The hearing officer determined by a preponderance of the evidence that sufficient cause existed to sustain Sarmiento's suspension. Specifically, the hearing officer found that Officer Genden had probable cause to believe that Sarmiento "was driving or in actual physical control of a motor vehicle in this state while under the influence of alcoholic beverages." The Department informed Sarmiento in an order dated August 29, 2007 that the suspension of his driving privileges was affirmed.
Sarmiento filed a petition to review with the circuit court. In a written opinion, the court noted that the implied consent law applies only if the person refusing consent was arrested "while driving or while in actual physical control of a motor vehicle." The court held that to be in control of a motor vehicle requires an operable vehicle. Concluding that the record established that the vehicle at issue was inoperable, the court quashed the order.
On review of administrative action, the circuit court "must determine whether procedural due process is accorded, whether the essential requirements of the law have been observed, and whether the administrative findings and judgment are supported by competent substantial evidence." City of Deerfield Beach v. Vaillant, 419 So.2d 624, 626 (Fla. 1982). However, in this case, as in Broward County v. G.B.V. International, Ltd., 787 So.2d 838 (Fla. 2001), "instead of simply reviewing the record to determine inter alia whether the [Department's] decision was supported by competent substantial evidence, the court combed the record and extracted its own factual finding. The court thus exceeded the scope of its authority under Vaillant." Id. at 845. See also Dep't of Highway Safety Motor Vehicles v. Silva, 806 So.2d 551 (Fla. 2d DCA 2002) (circuit court exceeded its scope of review by making an independent probable cause determination in certiorari review of license revocation order).

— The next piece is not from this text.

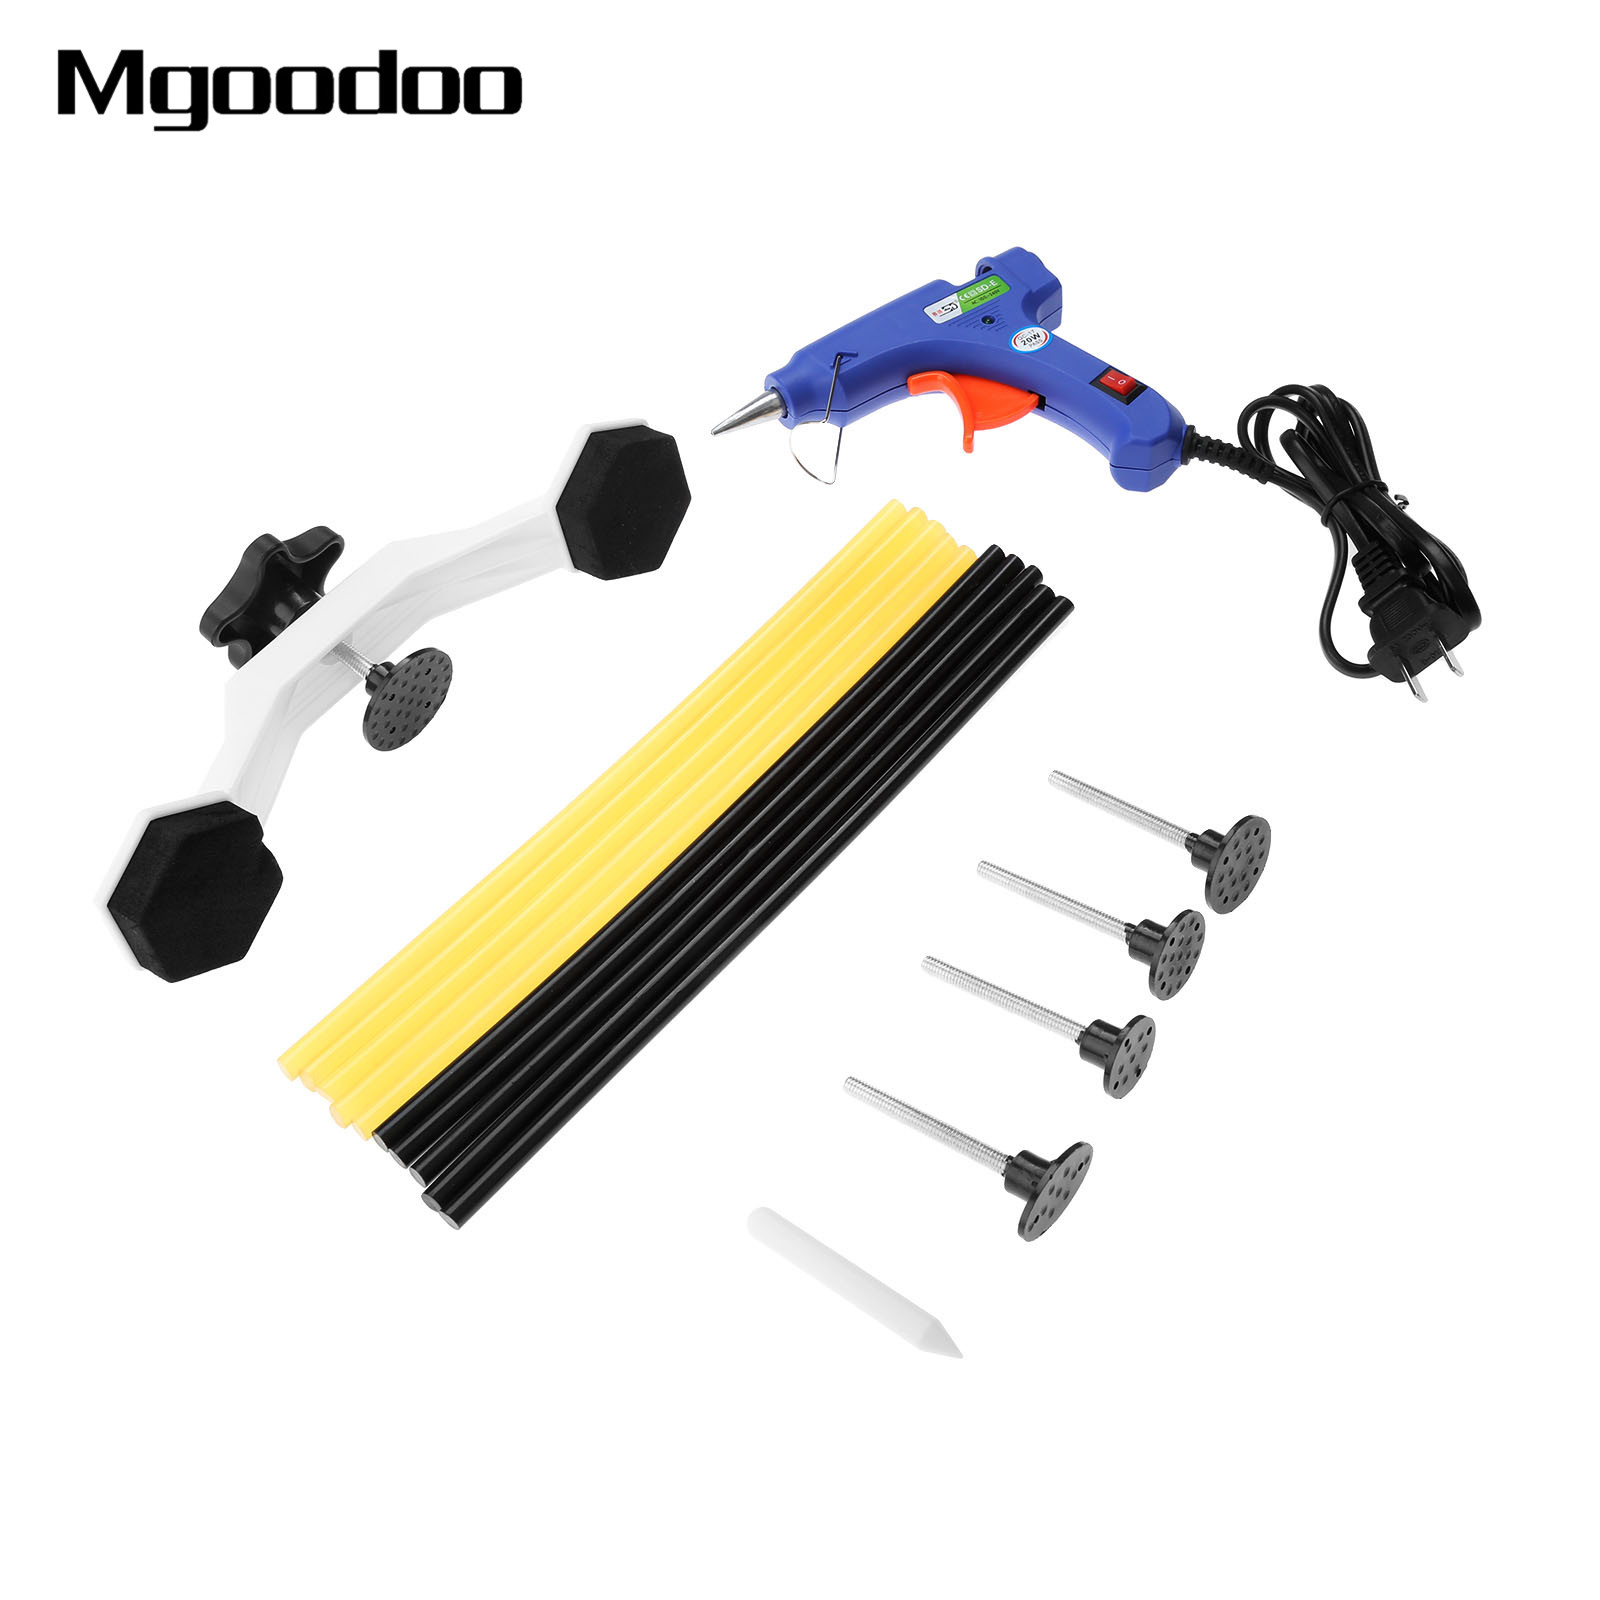 PDR Tools Pops a Dent Repair Bridge Dent Puller Kit with Hot Melt Glue Gun Pro PDR Glue Sticks for Auto Car Body Dent Repair

The circuit court did not abide by this limitation when it determined that the record supported a finding that the vehicle was inoperable. The hearing officer had determined that Sarmiento was driving or in physical control of the vehicle, and the circuit court found that the vehicle was inoperable. A finding that the vehicle was inoperable is contrary to a finding that Sarmiento was driving the vehicle. The court did not review the record to determine the evidence supporting the Department's decision. It reviewed and determined that there was evidence to the contrary.
Although the circuit court did not set forth what evidence supported its position, the only evidence in the record from which that finding can be made is the evidence from the towing company operator who removed the vehicle. The witness testified that when he observed the vehicle after the incident, it was inoperable. There was damage to the vehicle with the tires blown out and the axle hanging out of the transmission. It was fresh damage, as all of the transmission fluid was still evident. This is in no way inconsistent with the hearing officer's finding that the evidence supported the fact that the officer had probable cause to believe that Sarmiento was driving the vehicle as its engine was still running when the officer approached.
Because the circuit court exceeded its scope of review, it applied the incorrect law. I would grant the petition and quash the order of the circuit court.